Según la alerta oficial, los responsables se comunican con los ciudadanos y aseguran que pueden acelerar procedimientos administrativos a cambio de entregar dinero.
Los presuntos estafadores estarían utilizando el número celular 321 270 5102 para realizar las llamadas y presentar ofertas que no corresponden a los procedimientos institucionales.
Durante la conversación, prometen una supuesta priorización de los casos y solicitan consignaciones, transferencias o pagos para continuar con el proceso.
La entidad aclaró que ninguna persona está autorizada para cobrar por revisar, impulsar o agilizar una solicitud relacionada con una Indemnización administrativa.
Todos los trámites institucionales son gratuitos
Los servicios, orientaciones y procedimientos ofrecidos por la institución no tienen costo y deben adelantarse directamente mediante sus canales autorizados.
Ningún servidor público, contratista o colaborador puede pedir dinero, recargas, consignaciones o transferencias para gestionar beneficios o entregar información.
Tampoco se necesita contratar intermediarios para consultar el Registro Único de Víctimas, presentar solicitudes o conocer el estado de un trámite.

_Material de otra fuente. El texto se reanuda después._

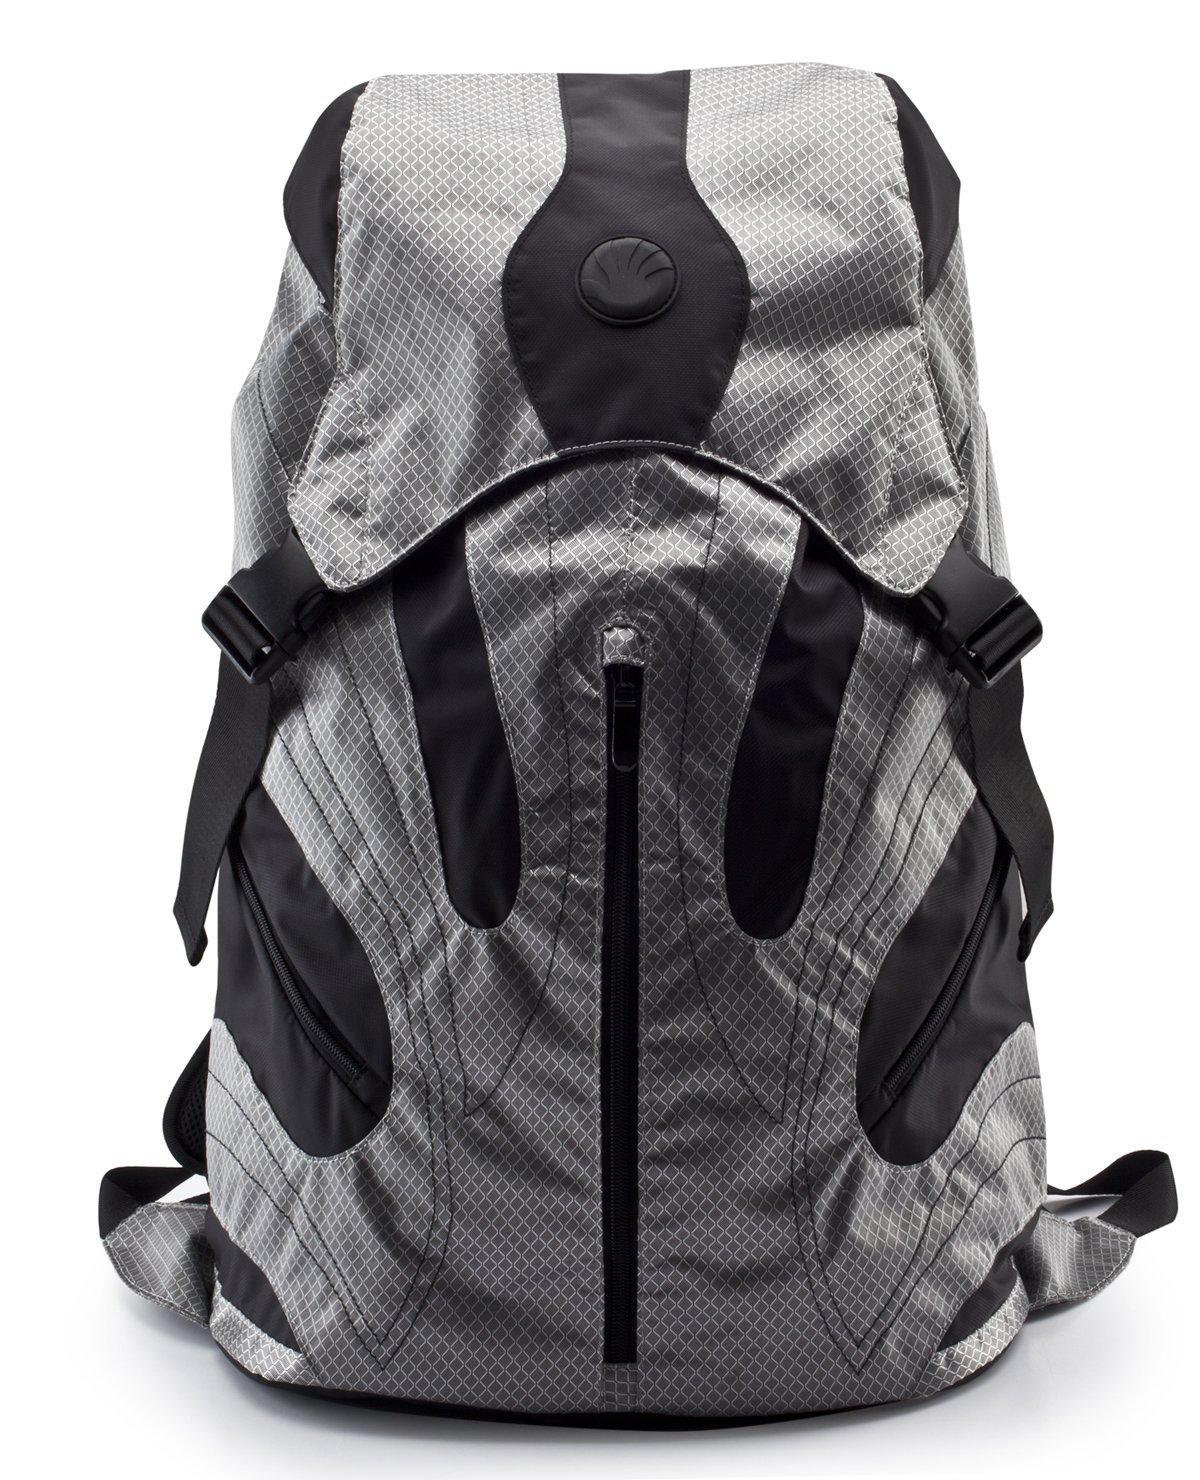 Slappa Kampus 18-Inch Backpack for Laptop Silver/Black (SL-BP-KAM1801) [並行輸入品] B078BPSCB8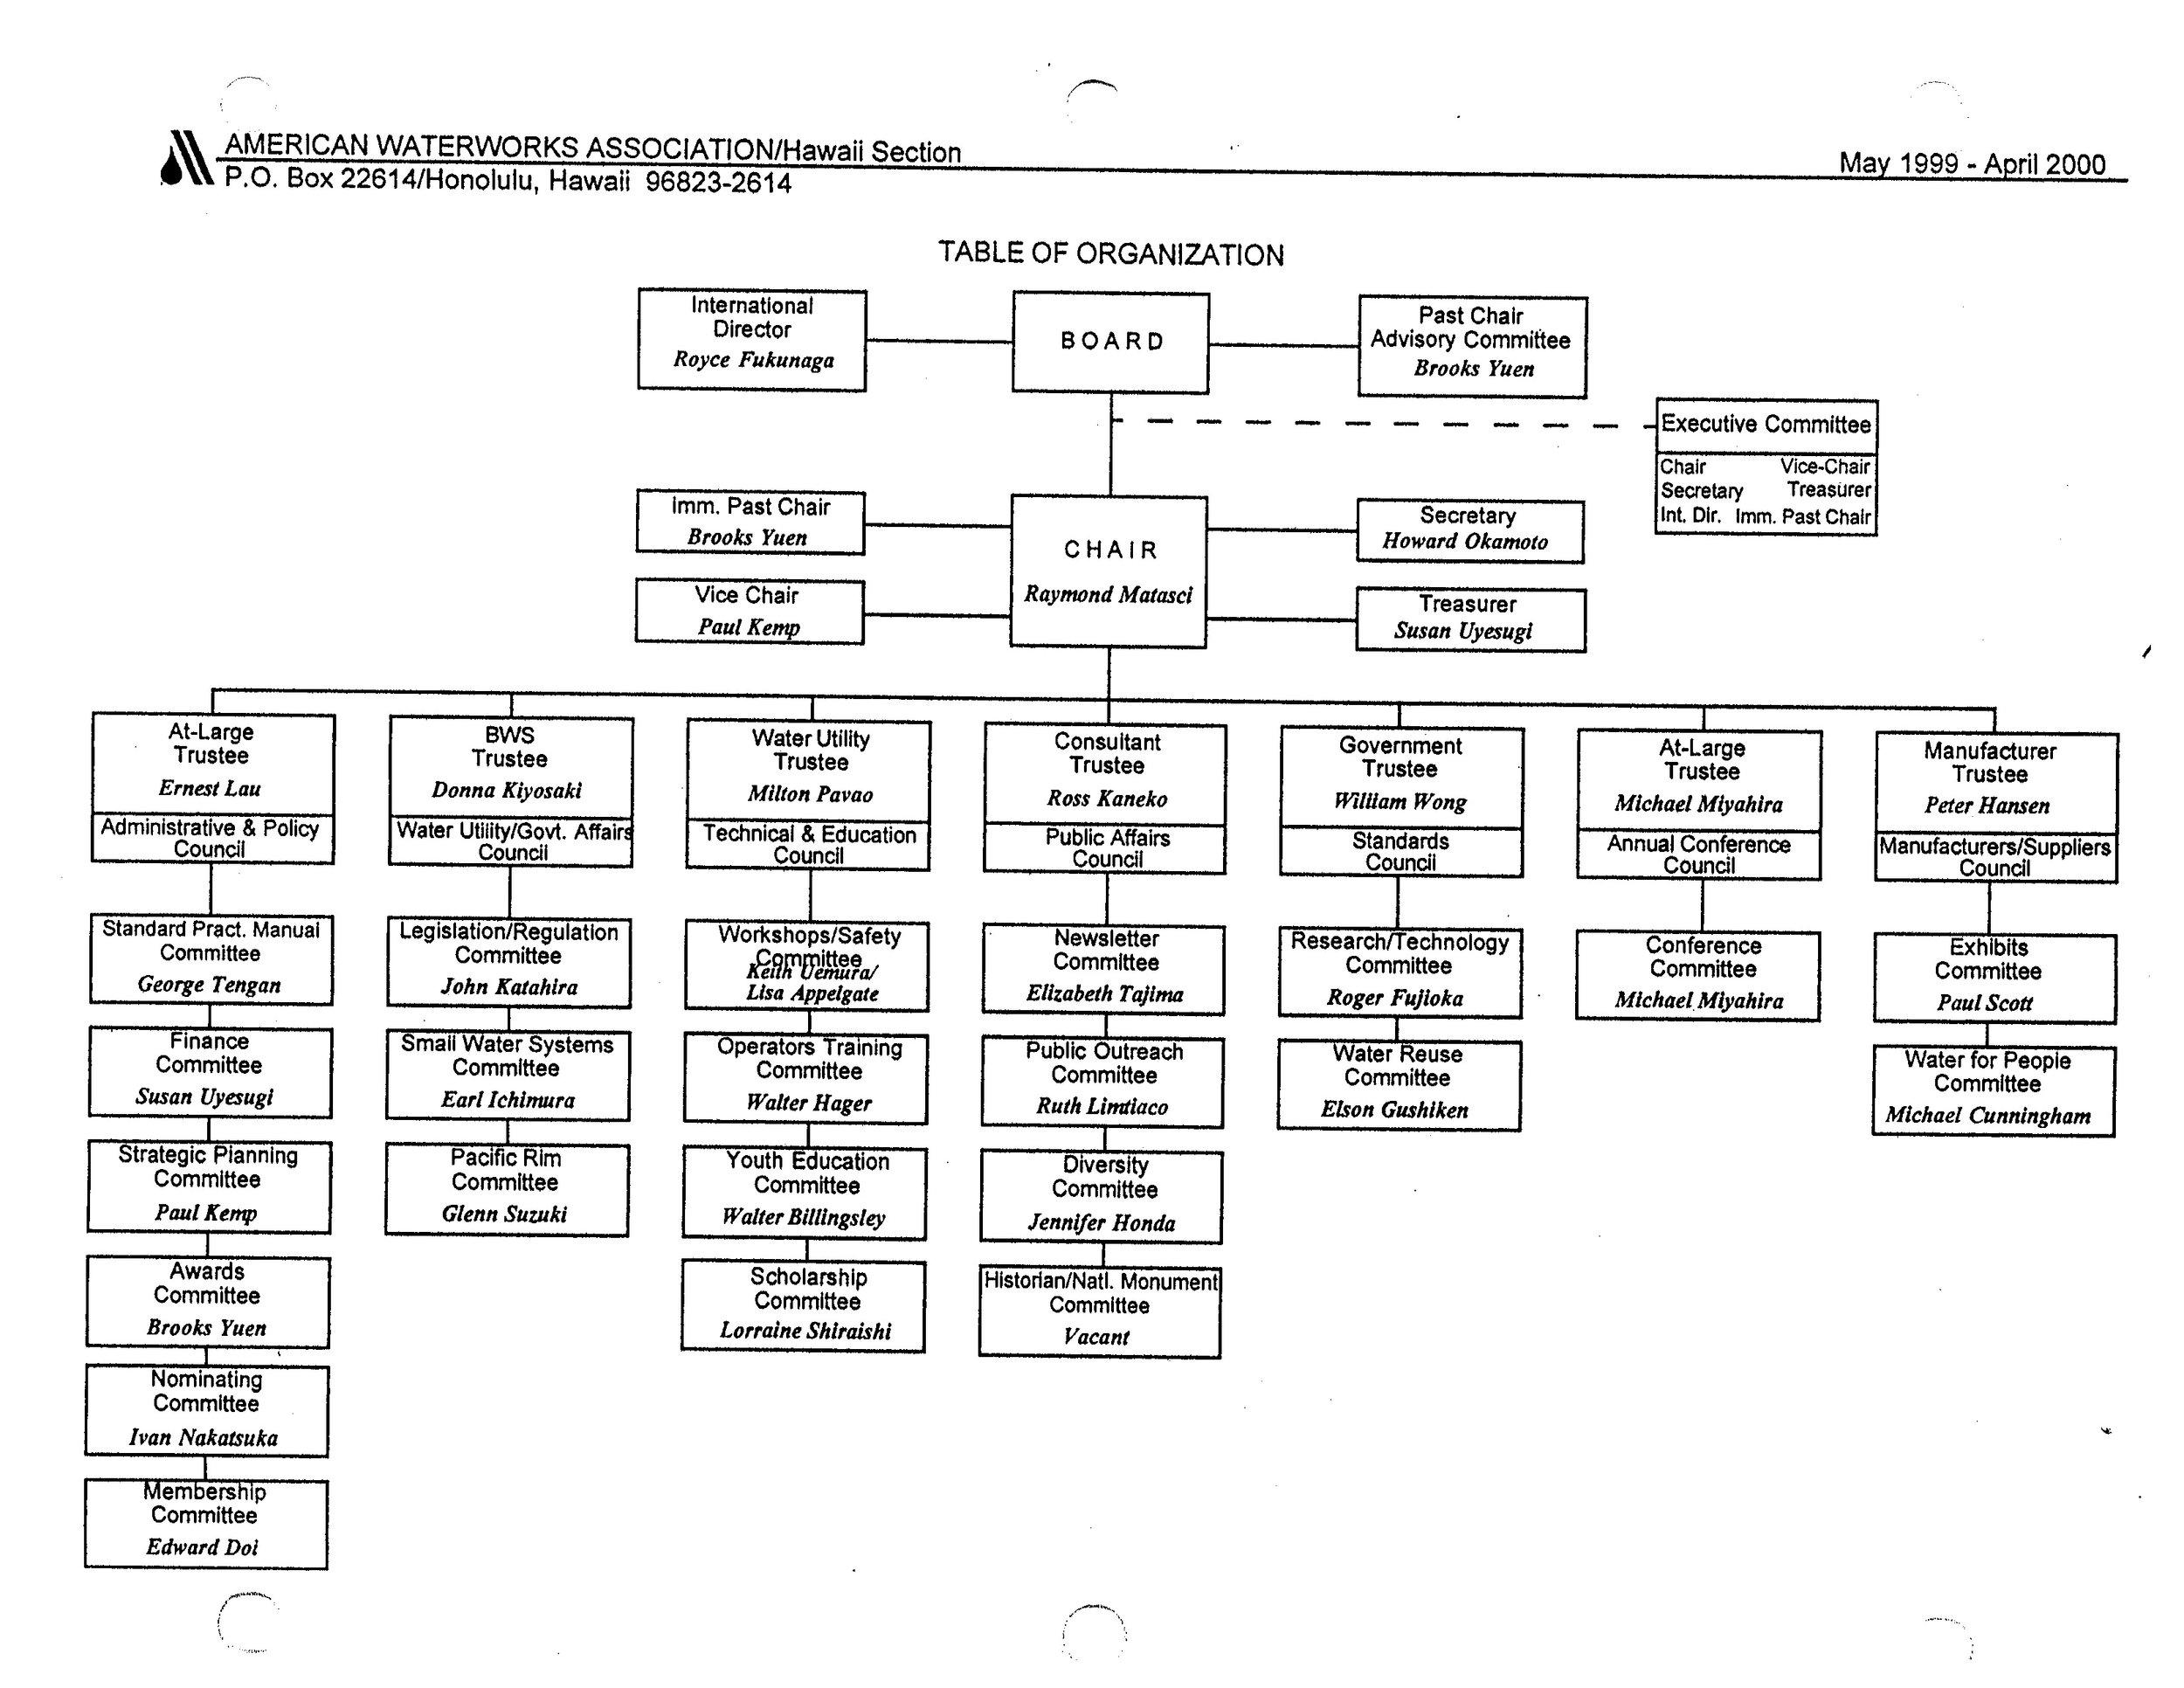 1999-2000.OrgChart.jpg

Por esta razón, cualquier llamada en la que se condicione un servicio al pago de dinero debe considerarse sospechosa y ser verificada antes de actuar.
¿Qué hacer si recibe una llamada sospechosa?
La primera recomendación es no entregar dinero ni realizar transferencias, incluso cuando la persona que llama afirme representar a una institución pública.
También es importante desconfiar de mensajes que prometan acelerar pagos, modificar turnos o garantizar la aprobación inmediata de una solicitud.
Los ciudadanos no deben compartir fotografías de la cédula, claves, números de cuentas bancarias, códigos de seguridad ni documentos personales con desconocidos.
Antes de atender cualquier requerimiento, se debe comprobar la información directamente en los canales oficiales y evitar ingresar a enlaces enviados por mensajes sospechosos.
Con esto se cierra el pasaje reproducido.